Suppose that
\begin{equation}
A
=
\begin{bmatrix}
a & b \\
c & d
\end{bmatrix}
\end{equation}
for some complex numbers $a, b, c, d \in \mathbb{C}$. Result
R5518: Complex arithmetic expression for the determinant of a 2-by-2 complex square matrix shows that
\begin{equation}
\text{Det} A
= a d - b c
\end{equation}
Our goal is to show that the cofactor partitions equal this value.
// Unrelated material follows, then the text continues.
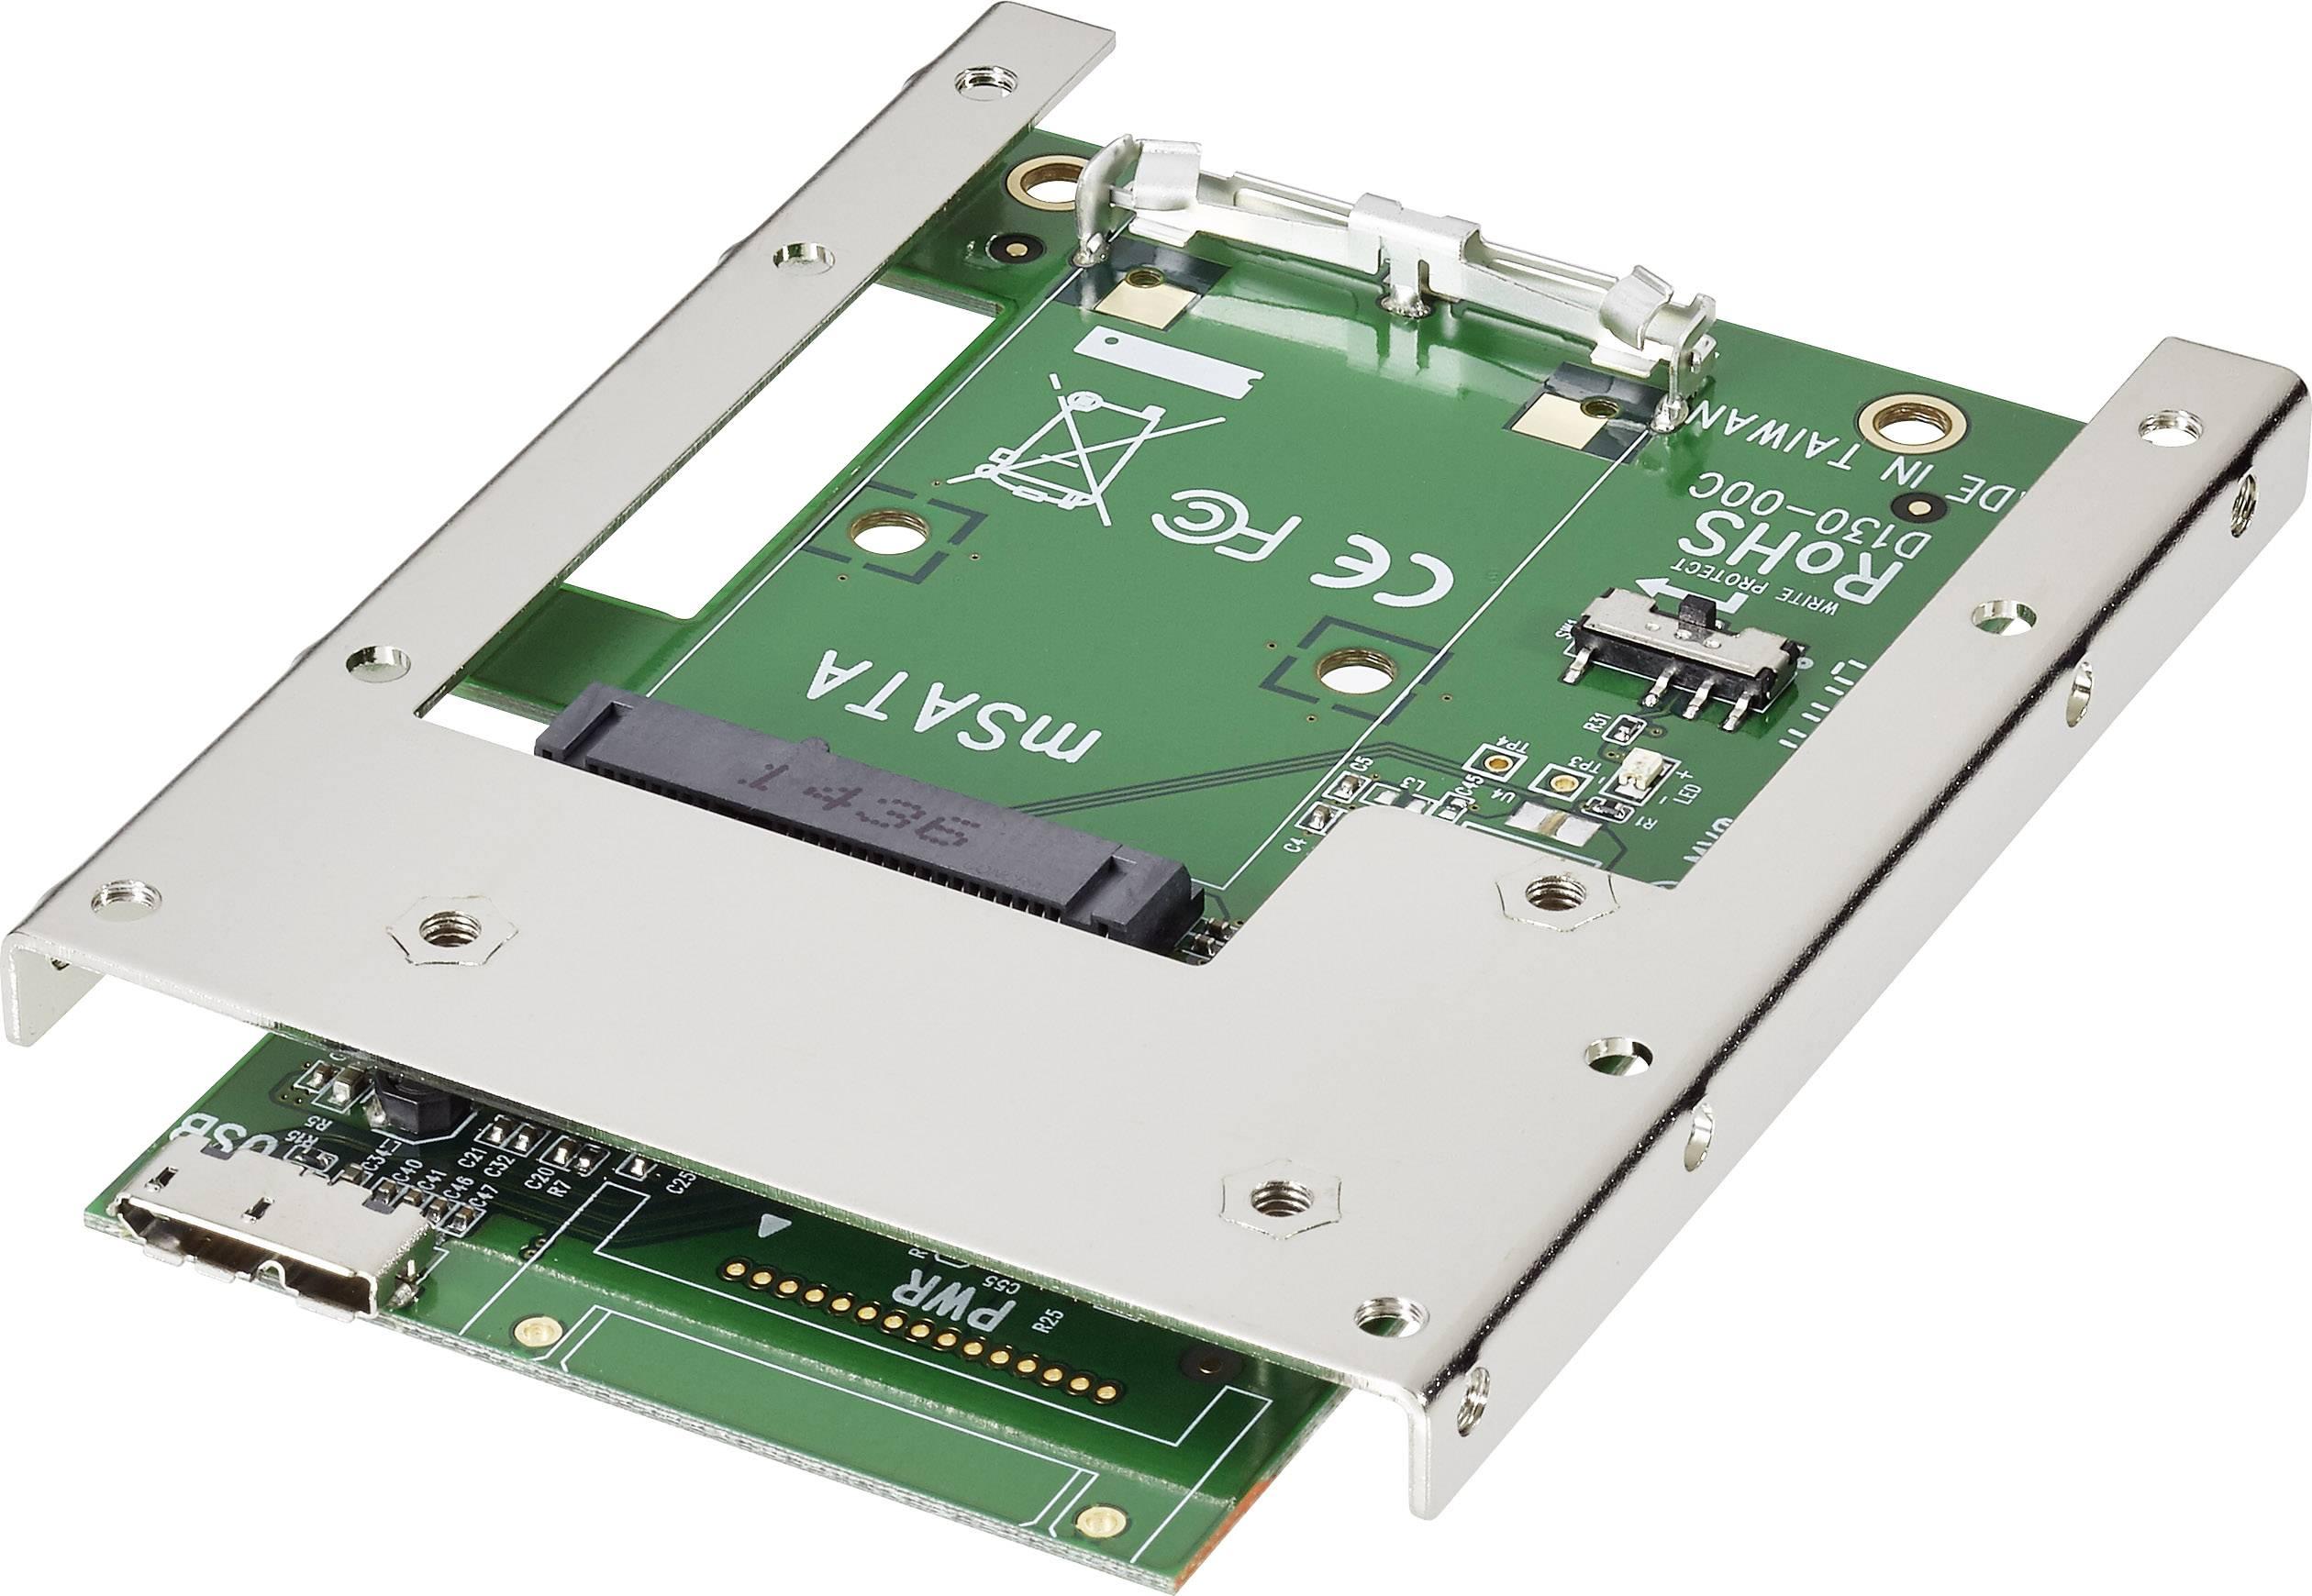 Konvertor rozhrania Renkforce 28554C163 RF-2000362, [1x mini SATA zástrčka - 2x micro USB 3.0 zásuvka B]
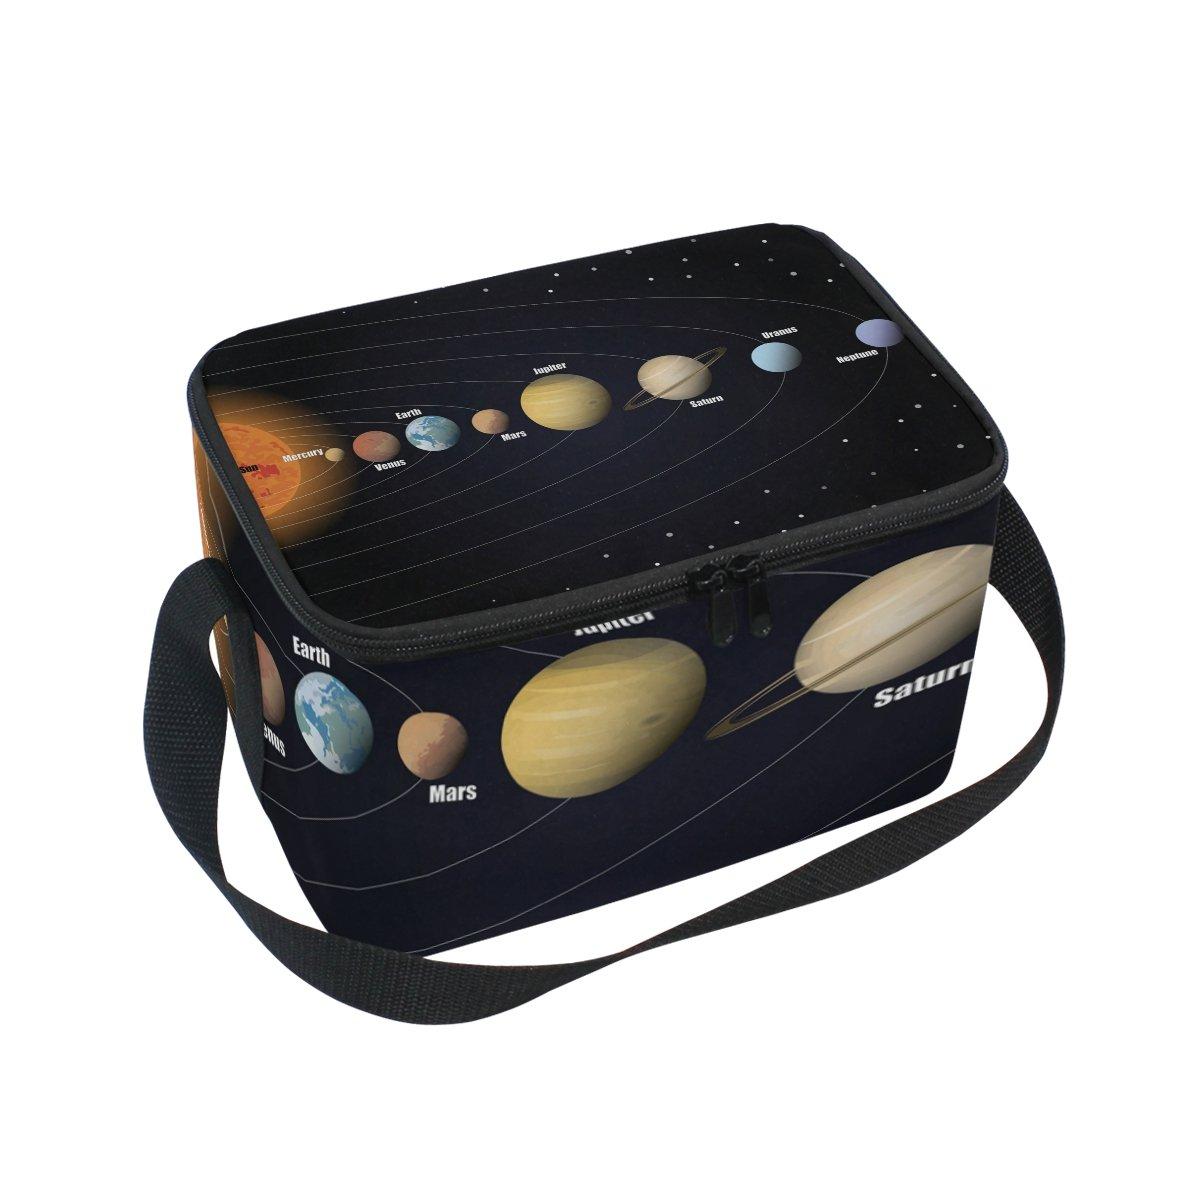 LORVIES Diagram Of Solar System Insulated Lunch Bag Cooler Reusable Tote Bag with Adjustable Shoulder Strap for Women Men

To this end, we have the cofactors
\begin{equation}
\begin{split}
C_{1, 1} & = (-1)^{1 + 1} \begin{bmatrix} d \end{bmatrix} = d \\
C_{1, 2} & = (-1)^{1 + 2} \begin{bmatrix} c \end{bmatrix} = -c \\
C_{2, 1} & = (-1)^{2 + 1} \begin{bmatrix} b \end{bmatrix} = -b \\
C_{2, 2} & = (-1)^{2 + 2} \begin{bmatrix} a \end{bmatrix} = a \\
\end{split}
\end{equation}
and the values
\begin{equation}
\begin{split}
A_{1, 1} & = a \\
A_{1, 2} & = b \\
A_{2, 1} & = c \\
A_{2, 2} & = d \\
\end{split}
\end{equation}
Let's go through each case for all possible values of $i, j \in \{ 1, 2 \}$. Assume first that $i = j = 1$. Then
\begin{equation}
A_{i, 1} C_{j, 1} + A_{i, 2} C_{j, 2}
= A_{1, 1} C_{1, 1} + A_{1, 2} C_{1, 2}
= a d + b (-c)
= ad - b c
= \text{Det} A
\end{equation}
and
\begin{equation}
A_{1, i} C_{1, j} + A_{2, i} C_{2, j}
= A_{1, 1} C_{1, 1} + A_{2, 1} C_{2, 1}
= a d + c (-b)
= ad - b c
= \text{Det} A
\end{equation}
Assume next that $i = j = 2$. Then
\begin{equation}
A_{i, 1} C_{j, 1} + A_{i, 2} C_{j, 2}
= A_{2, 1} C_{2, 1} + A_{2, 2} C_{2, 2}
= c (-b) + d a
= a d - b c
= \text{Det} A
\end{equation}
and
\begin{equation}
A_{1, i} C_{1, j} + A_{2, i} C_{2, j}
= A_{1, 2} C_{1, 2} + A_{2, 2} C_{2, 2}
= b (-c) + d a
= a d - b c
= \text{Det} A
\end{equation}
Suppose then that $i = 1$ and $j = 2$. Then
\begin{equation}
A_{i, 1} C_{j, 1} + A_{i, 2} C_{j, 2}
= A_{1, 1} C_{2, 1} + A_{1, 2} C_{2, 2}
= a (-b) + b a
= a b - a b
= 0
\end{equation}
and
\begin{equation}
A_{1, i} C_{1, j} + A_{2, i} C_{2, j}
= A_{1, 1} C_{1, 2} + A_{2, 1} C_{2, 2}
= a (-c) + c a
= a c - ac
= 0
\end{equation}
Finally, suppose that $i = 2$ and $j = 1$. Then
\begin{equation}
A_{i, 1} C_{j, 1} + A_{i, 2} C_{j, 2}
= A_{2, 1} C_{1, 1} + A_{2, 2} C_{1, 2}
= c d + d (-c)
= c d - c d
= 0
\end{equation}
and
\begin{equation}
A_{1, 2} C_{1, 1} + A_{2, 2} C_{2, 1}
= b d + d (-b)
= b d - bd
= 0
\end{equation}
Since all of the possible cases work out, the proof is complete. $\square$